PhosphorusDecree wrote:
blitzkrieg wrote:
I enjoyed the first two Captain America movies. Not so much the third.
Same here - I've never been a fan of the "Let's make our heroes fight each other like a bunch of idiots!" trope.
"Civil War" is where some of my current issues with the MCU started. I don't mind that the heroes fight each other, because that can be fun/interesting, but the way they get there is really stupid. Like, on paper, the idea of fighting over whether or not superheroes need oversight has potential. The problem is that the Avengers, while "flawed," are still too good for this to work. This isn't "Watchmen." Instead we've got a roomful of people who have personally saved the world, all of them are well-intentioned, none of them are power hungry and none of them are greedy. (We later find out in "Falcon and the Winter Soldier" that they aren't even
paid and subsist on "goodwill."

) In past movies, they were the good guys because they were presented as the alternative to more realistic military methods, like nuking a populated area. Now suddenly the superheroes are supposed to be this serious allegory for those very methods. The events are set in motion because Wanda has a whoopsie and
accidentally drops a bomb that kills a bunch of altruistic aid workers off-camera. Then the filmmakers decide that we need to retroactively feel guilty for enjoying action scenes in earlier movies because a bunch of other non-character fictional people died off-camera and they forgot to tell us about it.

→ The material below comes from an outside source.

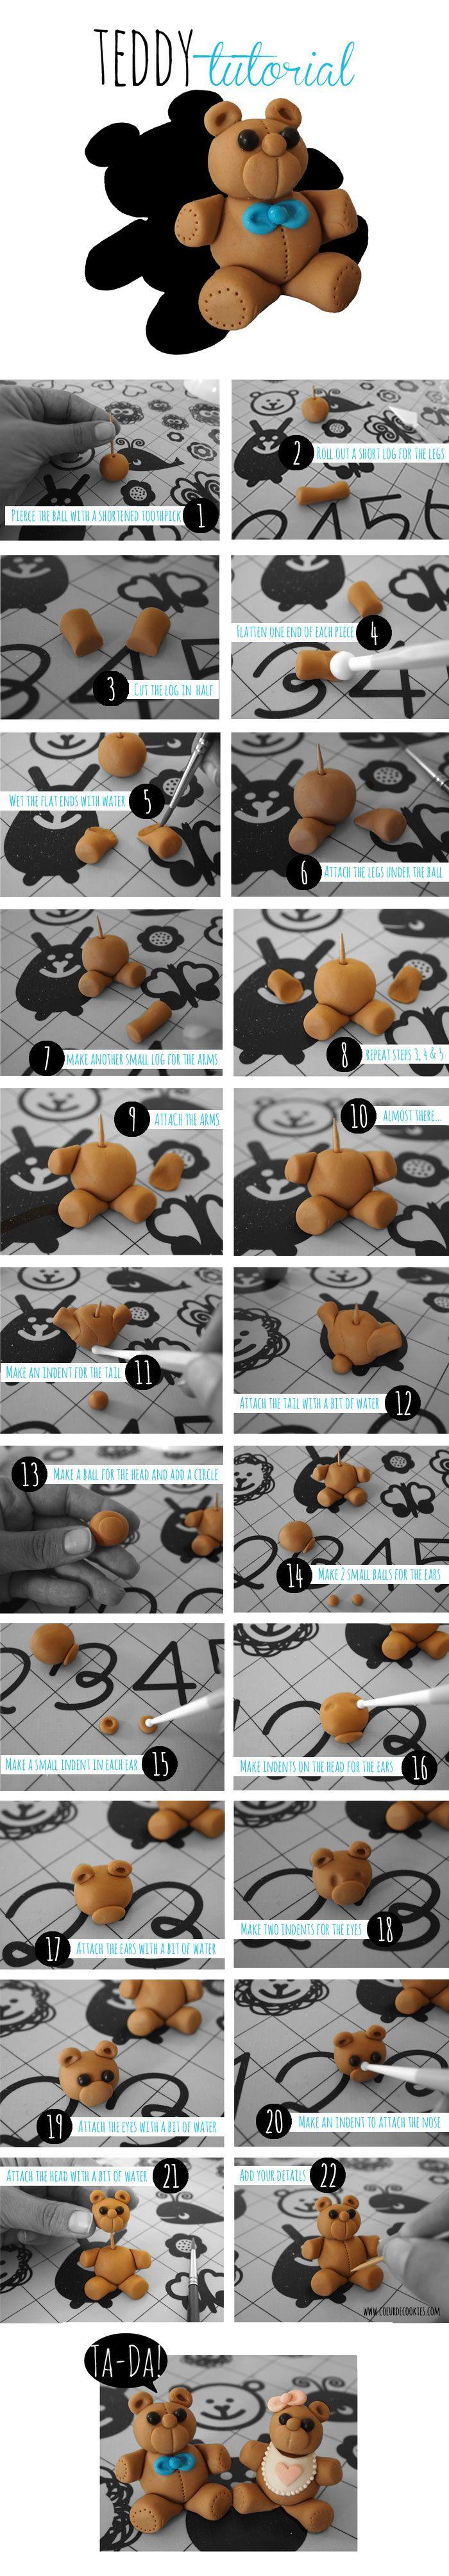 Gumpaste Teddy Bear Tutorial - Coeur de Cookies #fondant #gumpaste #sugarpaste #figures
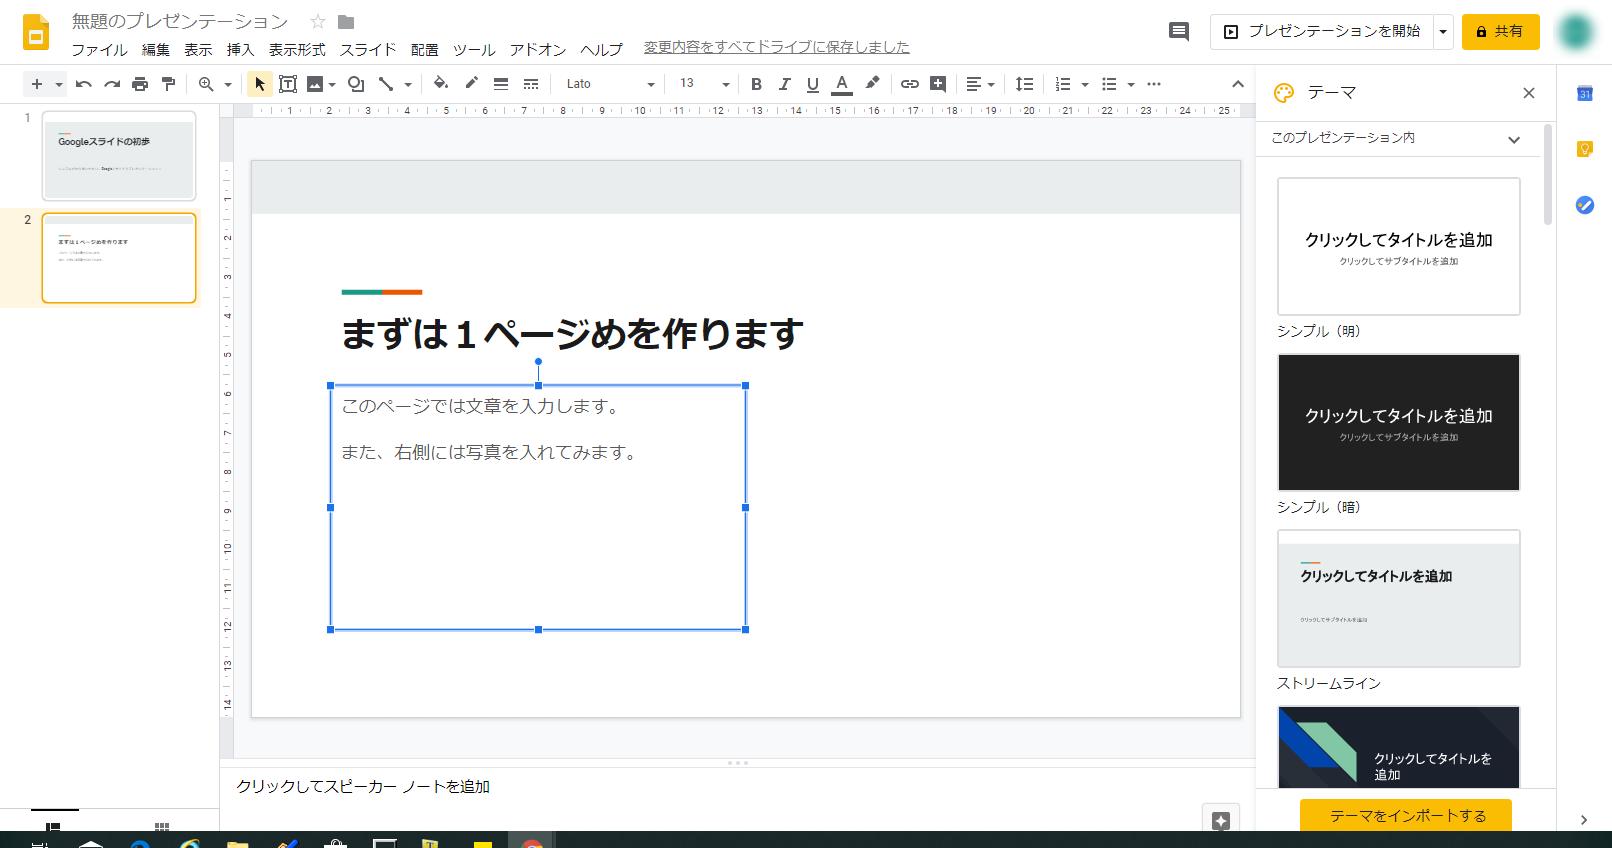 Googleスライド レイアウト枠の拡大縮小と移動

Finally, we get to the airport fight that's the main selling point of the movie, and that's fun, but it ends with Rhodey getting injured (
not dying) so we can have our "Pokemon weren't meant to fight. Not like this!" moment. And ultimately, it all comes to nothing. Tony gets the oversight he wanted and immediately ignores it, faces no consequences for ignoring it and it never becomes an issue again. Then in "She-Hulk," it's randomly mentioned that the oversight was repealed.